In some articles about GPU vs CPU you can find something similar “On my PC with i7xxxx CPU and GTXxxx GPU, GPU is n-times faster”. Such results don’t mean a lot to me for the next reason:

  1. Nobody will use desktop i7 in production.
  2. Even if I had a server Xeon, other people can have Xeon that is a few times more/less expensive/faster.

Here we are coming to the cloud. I think that’s amazing that nowadays we can pay a few dollars per hour and get GPU worth 10k dollars to experiment with.

To compare apples to apples, I started with running benchmarks on 1$/hour CPU Optimized instance and 1$/hour GPU Optimized instances in AWS. It turned out that AWS has a few different families of GPU optimized instances (e.g. g3 vs p3).
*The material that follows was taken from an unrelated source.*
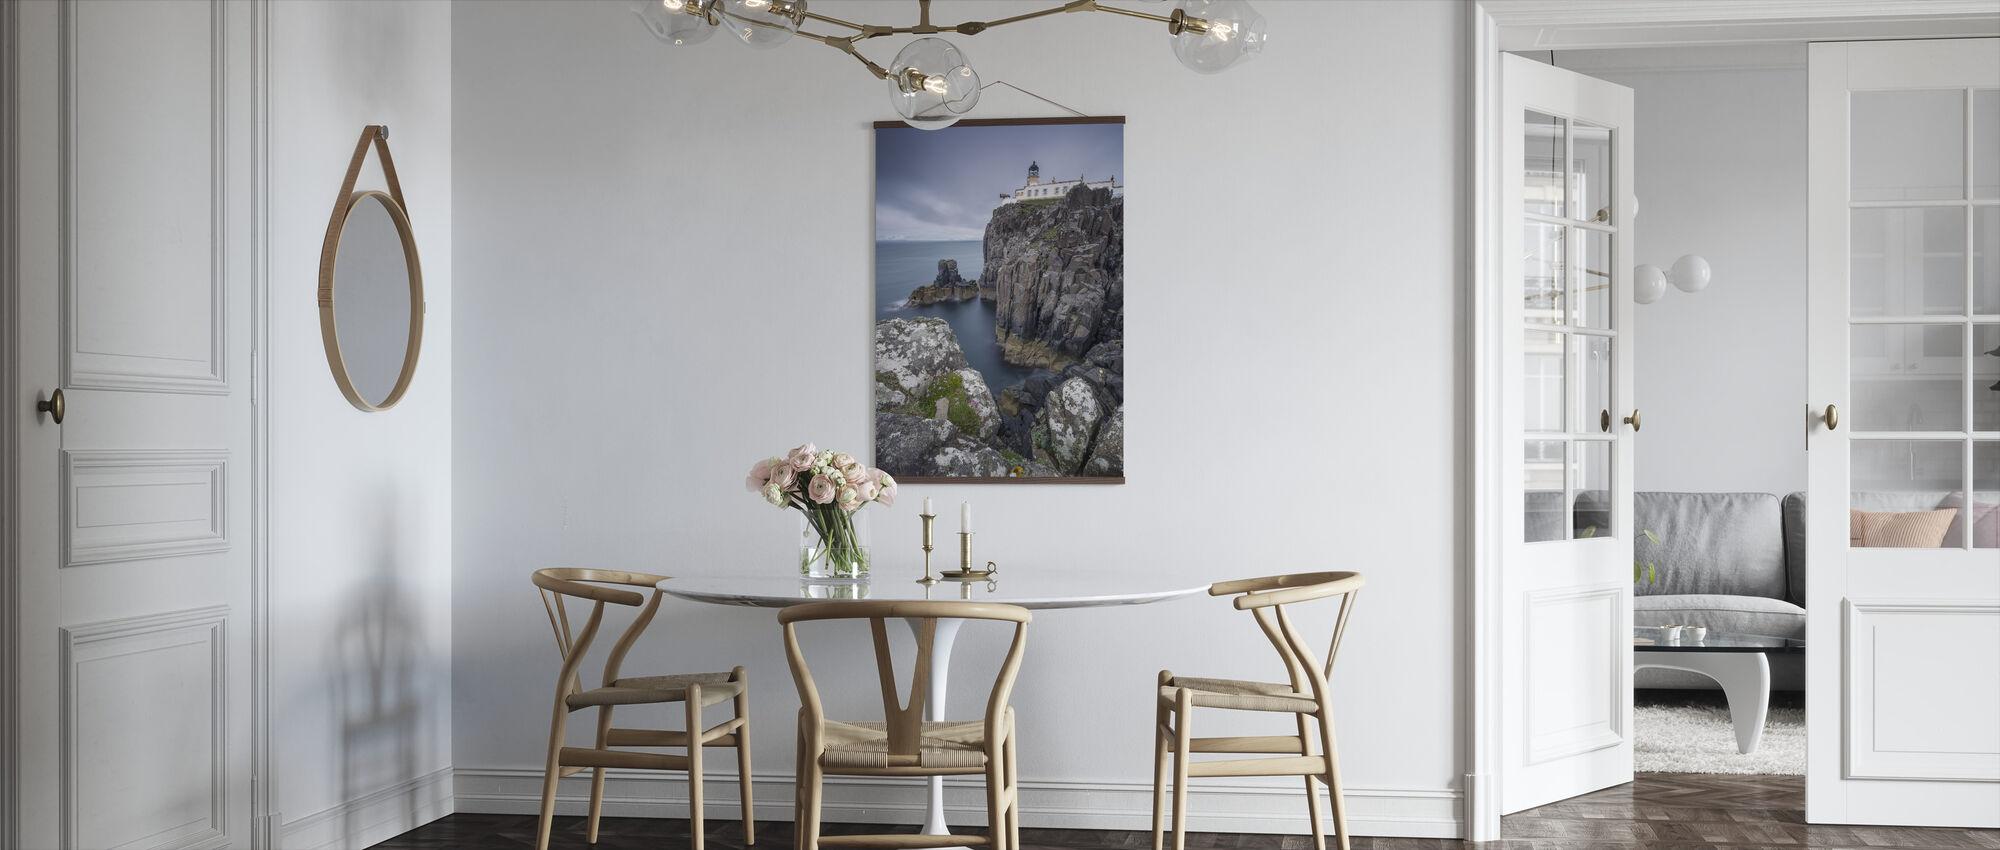 Lighthouse at Neist Point, Isle of Skye - Scotland - Poster - Kitchen

They differ by GPU type and price. That is why I decided to make an extra comparison for 3$/hour CPU vs GPU optimized instances. As you will see later distances between winners and looser in 1$ and 3$ categories were similar.

Regarding the test, I made two groups of tests. One group for European Call options which are quite easy to calculate and another group for Barrier KO options which require more computations. For each group, I created two tests with different ratio between required memory and computations (number of options vs the number of Monte Carlo simulations).

List of tests:

  1. Price 500 European call option with 1m MC simulations;
  2. Price 5000 European call option with 100k MC simulations;
  3. Price 500 Barrier out call option with 1m MC simulations;
  4. Price 5000 Barrier out call option with 100k MC simulations;

Results:

note: time axis is different
note: time axis is different

As we can see, for European options CPU on average is 4 times fast than GPU. While for Barrier options GPU is from 9 to 17 times faster than GPU.

These results are in line with the assumption that GPU main overhead is copying data from RAM to GPU memory. And invoking a trivial operation on a large amount of data doesn’t make sense.

AWS instances specs:

3$ GPU — p3.x2large 3.06$, Xeon E5–2686v4 2.3, Tesla V100-SXM2–16GB;

3$ CPU — c5.18xlarge 3.06$, Xeon Platinum 8124M 3GHz (2processors);

1$ GPU g3.4xlarge 1.14$; Nvidia Tesla M60–8GB;

1$ CPU. There was no CPU Optimized instance with price 1$. That is why I run the benchmark on 2 instances with average price 1.105$ and averaged results. c5.4xlarge — 0.68$, Xeon 8124 3GHz and c5.9xlarge — 1.53$, Xeon Platinum 8124M 3GHz;

Conclusion

If you have Java code you want to run on GPU, Aparapi library may help you a lot. You may have a significant increase in performance depending on your task. In my case pricing of Barrier options on GPU was from 9 to 17 times faster. If you get a good result, you may think to rewrite your code using native OpenCL or CUDA platform. In this case, your code may become even faster and you will get access to the useful libraries (e.g. CUDA has useful random number generators).